═════ Information provided
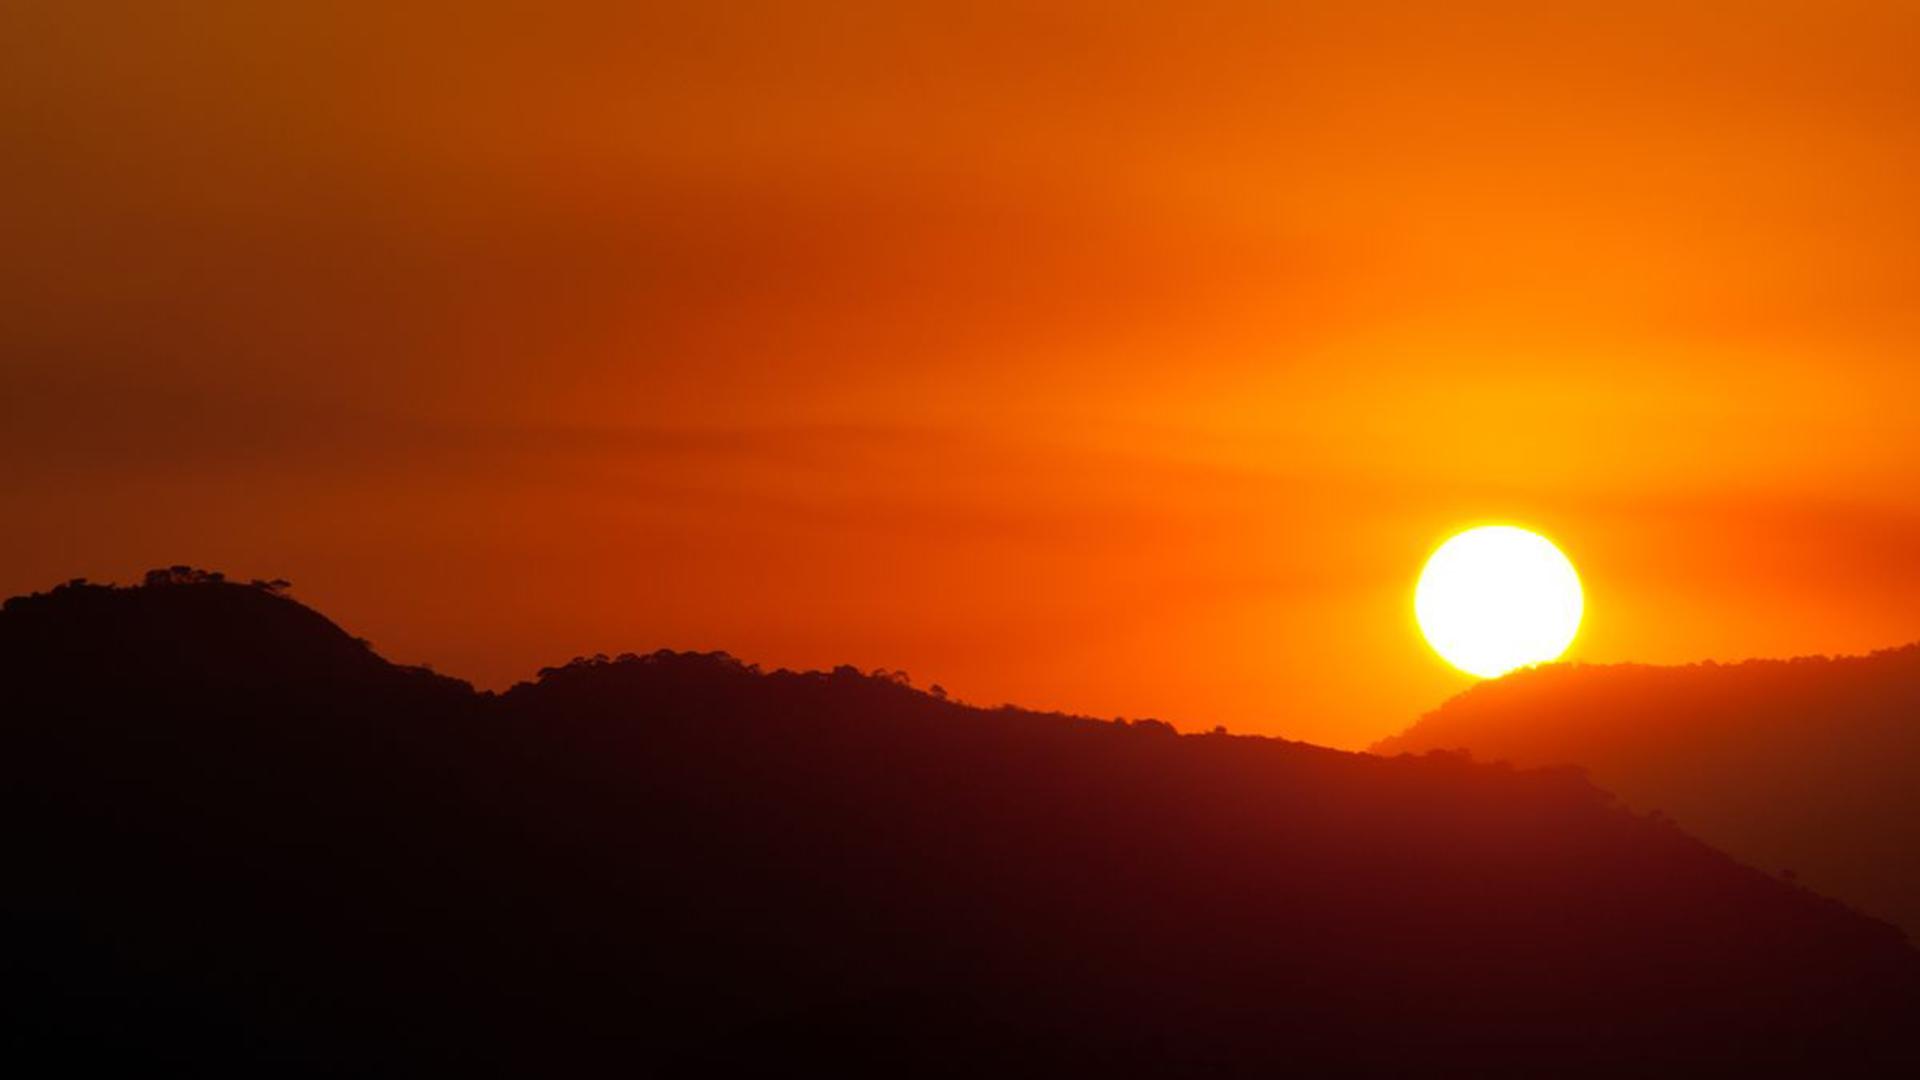 A nyári Napforduló Neked is elhozhatja a változást!
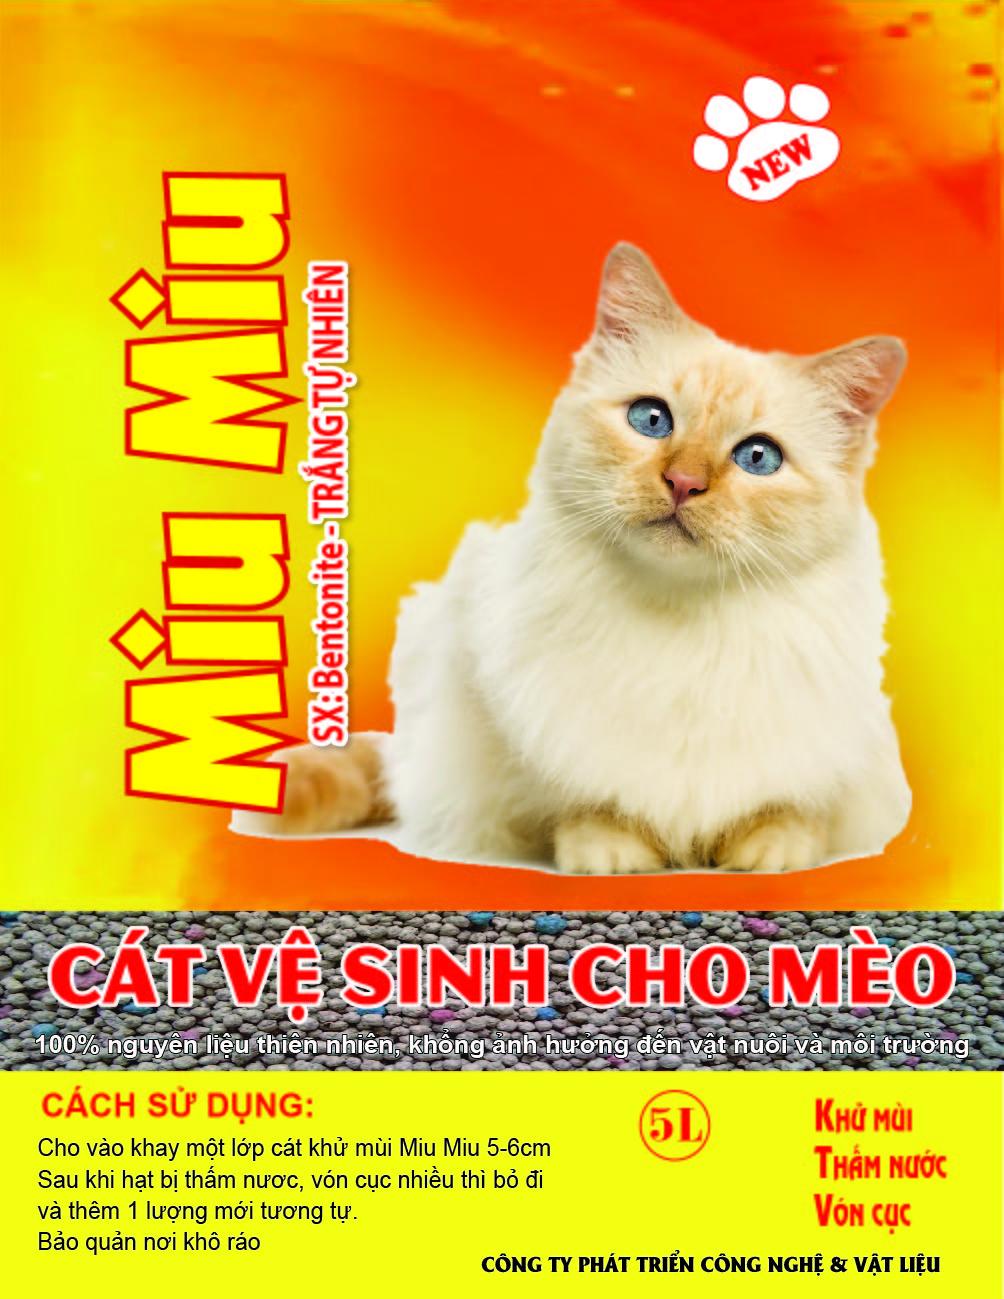 Cát Vệ Sinh - Thức Ăn - Phụ Kiện Cho Chó Mèo
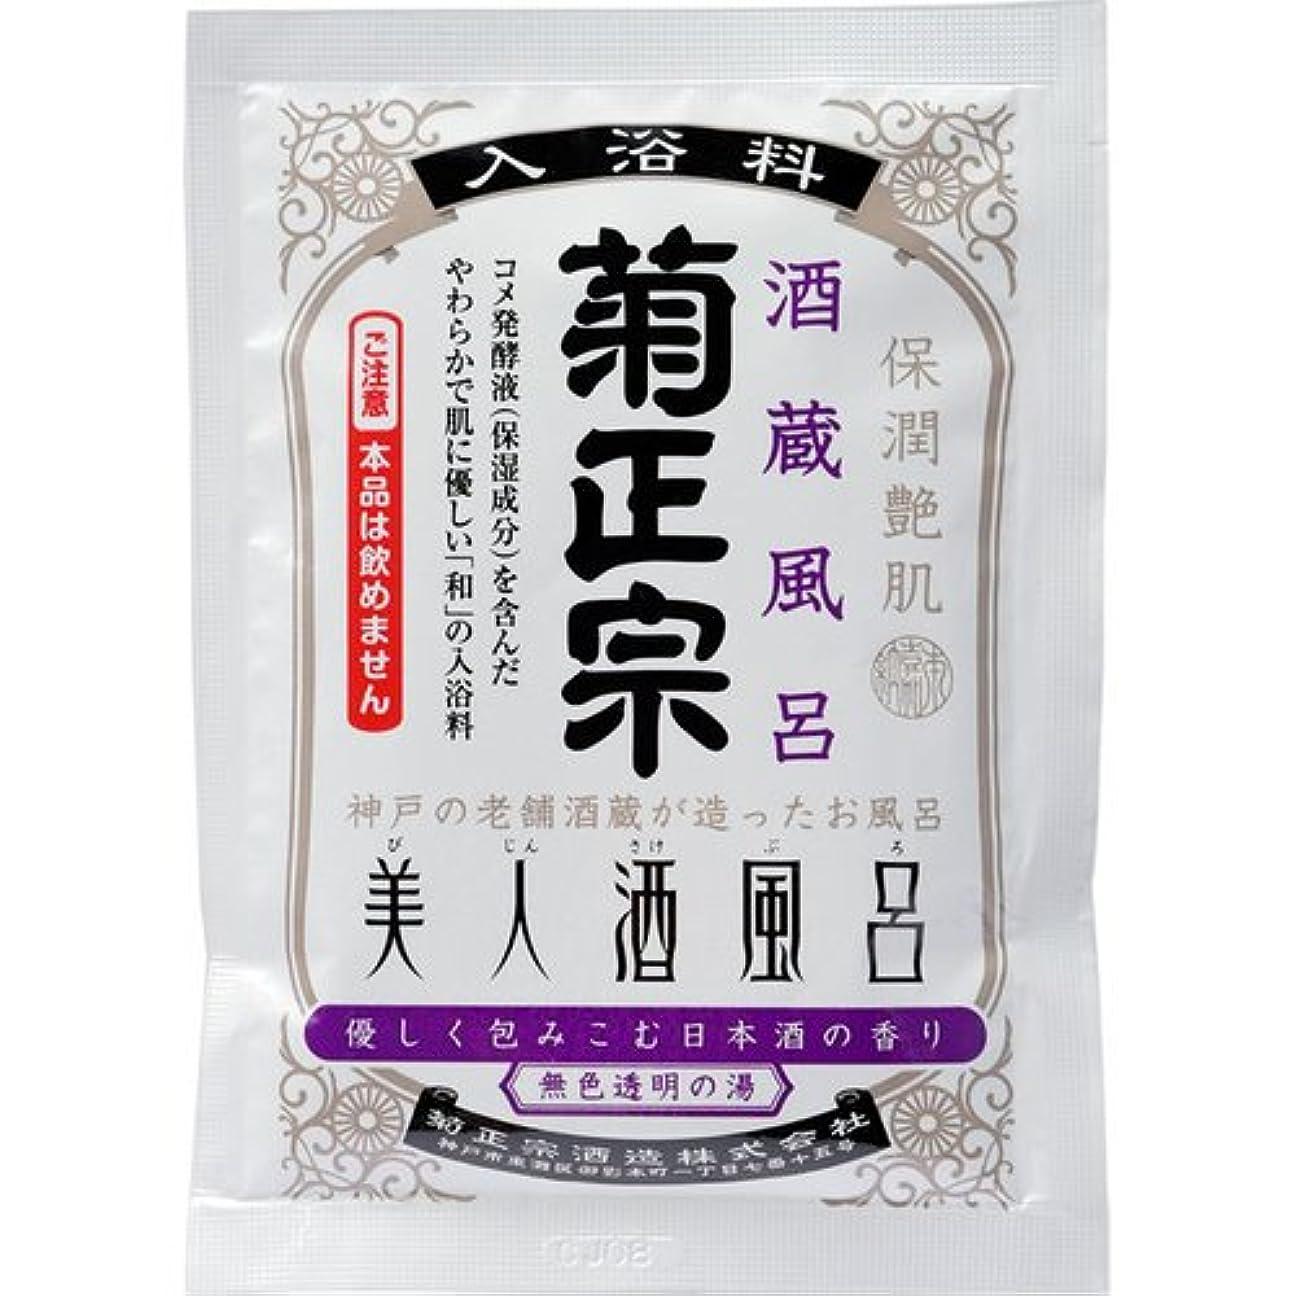 ゴージャス発明するリンク美人酒風呂 酒蔵風呂 優しく包みこむ日本酒の香り 60mL
══════════
> **Assignment**: From the first line to the last, output the data exactly; skip any pictures.

> **Result below**:
 A nyári Napforduló Neked is elhozhatja a változást!
 Cát Vệ Sinh - Thức Ăn - Phụ Kiện Cho Chó Mèo
 ゴージャス発明するリンク美人酒風呂 酒蔵風呂 優しく包みこむ日本酒の香り 60mL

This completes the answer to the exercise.